Randy Gardner (born ) is an American man from San Diego, California, who set the record for the longest amount of time a human has gone without sleep. In December 1963/January 1964, 17-year-old Gardner stayed awake for 11 days and 24 minutes (264.4 hours), breaking the previous record of 260 hours held by Tom Rounds.

Gardner's record attempt was attended by Stanford sleep researcher Dr. William C. Dement, while his health was monitored by Lt. Cmdr. John J. Ross.  A log was kept by two of Gardner's classmates from Point Loma High School, Bruce McAllister and Joe Marciano Jr. Accounts of Gardner's sleep-deprivation experience and medical response became widely known among the sleep research community.

Health effects
It has been claimed that Gardner's experiment demonstrated that extreme sleep deprivation has little effect, other than the mood changes associated with tiredness, primarily due to a report by researcher William Dement, who stated that on the tenth day of the experiment, Gardner had been, among other things, able to beat Dement at pinball. However, Lt. Cmdr. John J. Ross, who monitored his health, reported serious cognitive and behavioral changes. These included moodiness, problems with concentration and short term memory, paranoia, and hallucinations. On the eleventh day, when he was asked to subtract seven repeatedly, starting with 100, he stopped at 65. When asked why he had stopped, he replied that he had forgotten what he was doing.
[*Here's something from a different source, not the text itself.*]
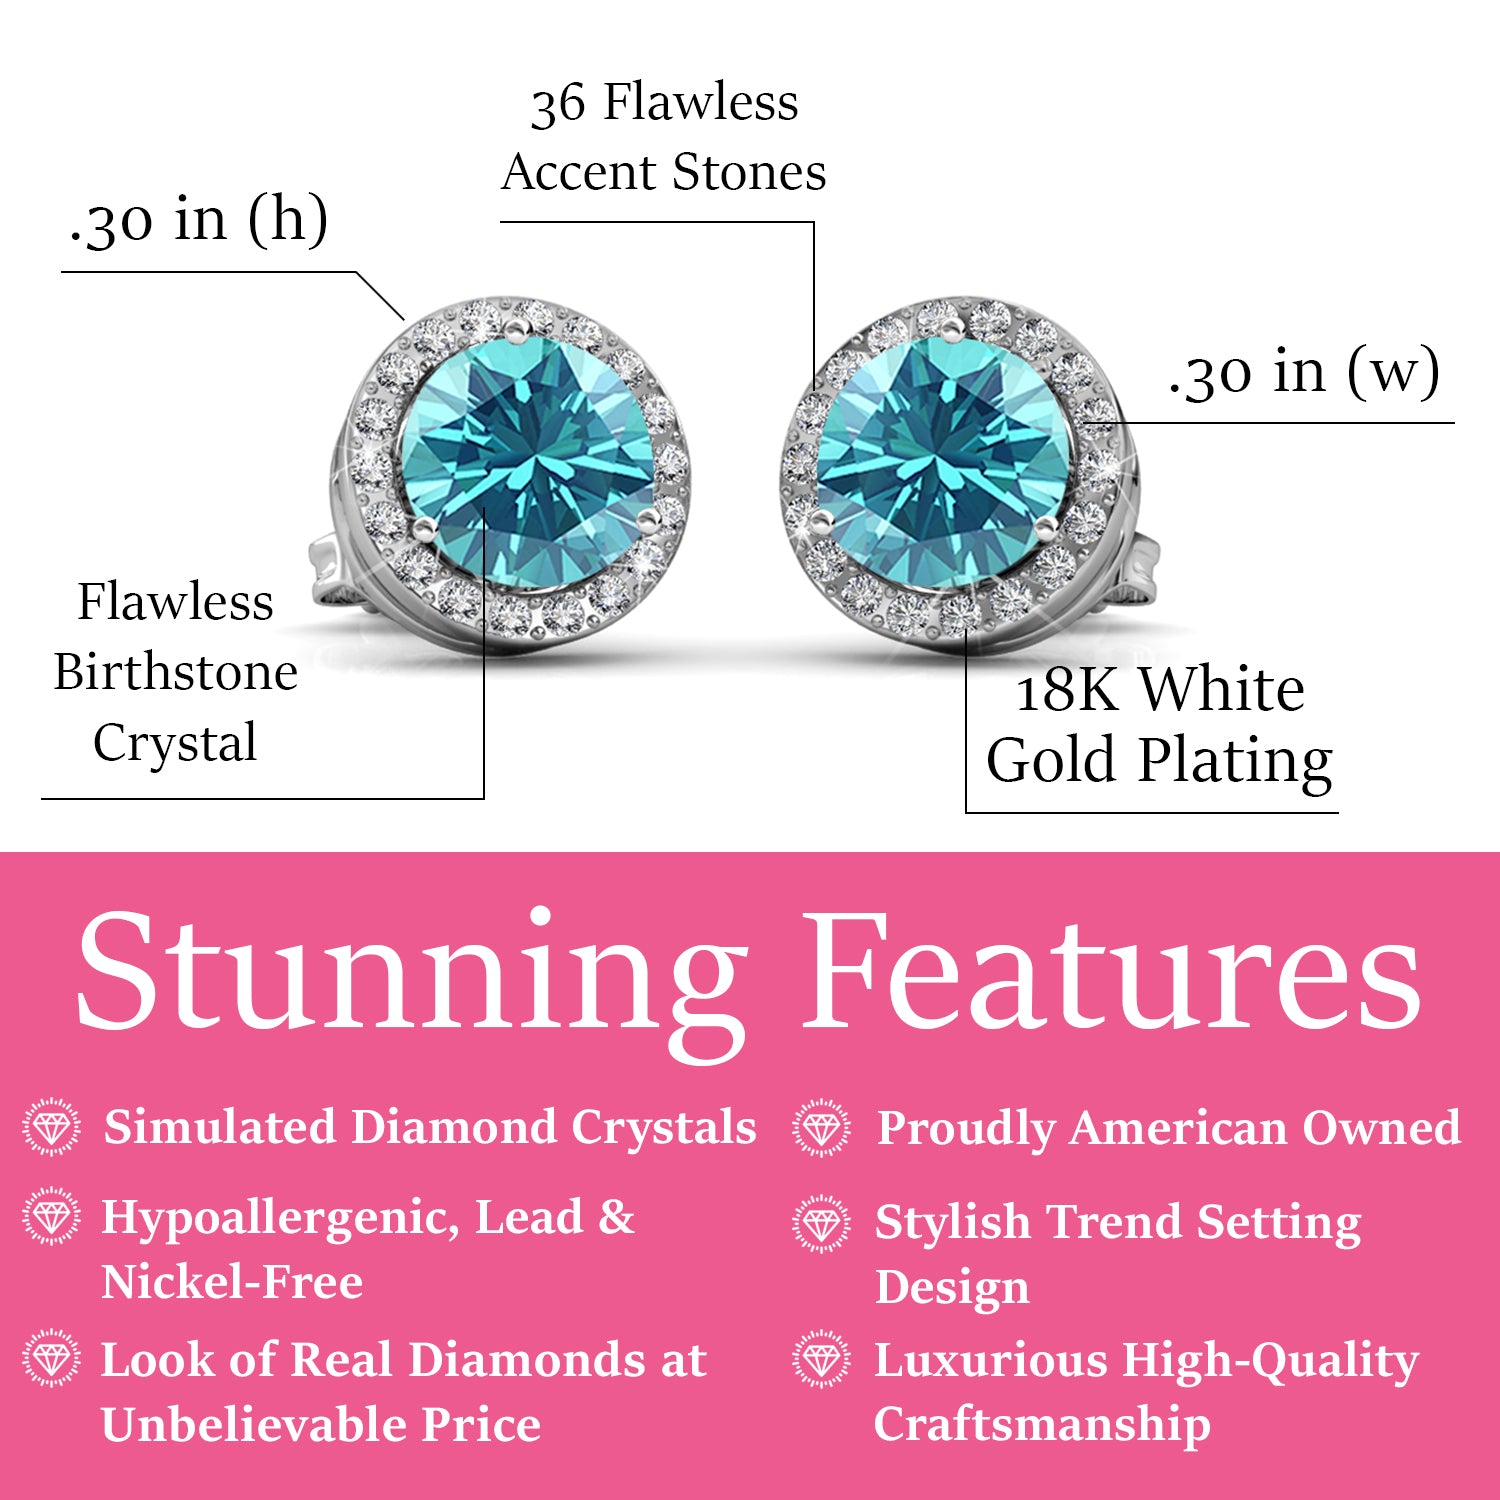 Royal March Birthstone Aquamarine Earrings, 18k White Gold Plated Silver Halo Earrings with Round Cut Crystals

On his final day, Gardner presided over a press conference where he appeared to be in excellent health. "I wanted to prove that bad things didn't happen if you went without sleep," said Gardner. "I thought, 'I can break that record and I don't think it would be a negative experience.'"

Recovery
Gardner's sleep recovery was observed by sleep researchers who noted changes in sleep structure during post-deprivation recovery. After completing his record, Gardner slept for 14 hours and 46 minutes, awoke naturally around 8:40 p.m., and stayed awake until about 7:30 p.m. the next day, when he slept an additional ten and a half hours. Gardner appeared to have fully recovered from his loss of sleep, with follow up sleep recordings taken one, six, and ten weeks after the fact showing no significant differences.  However, Gardner later reported experiencing serious insomnia decades after his sleep experiment.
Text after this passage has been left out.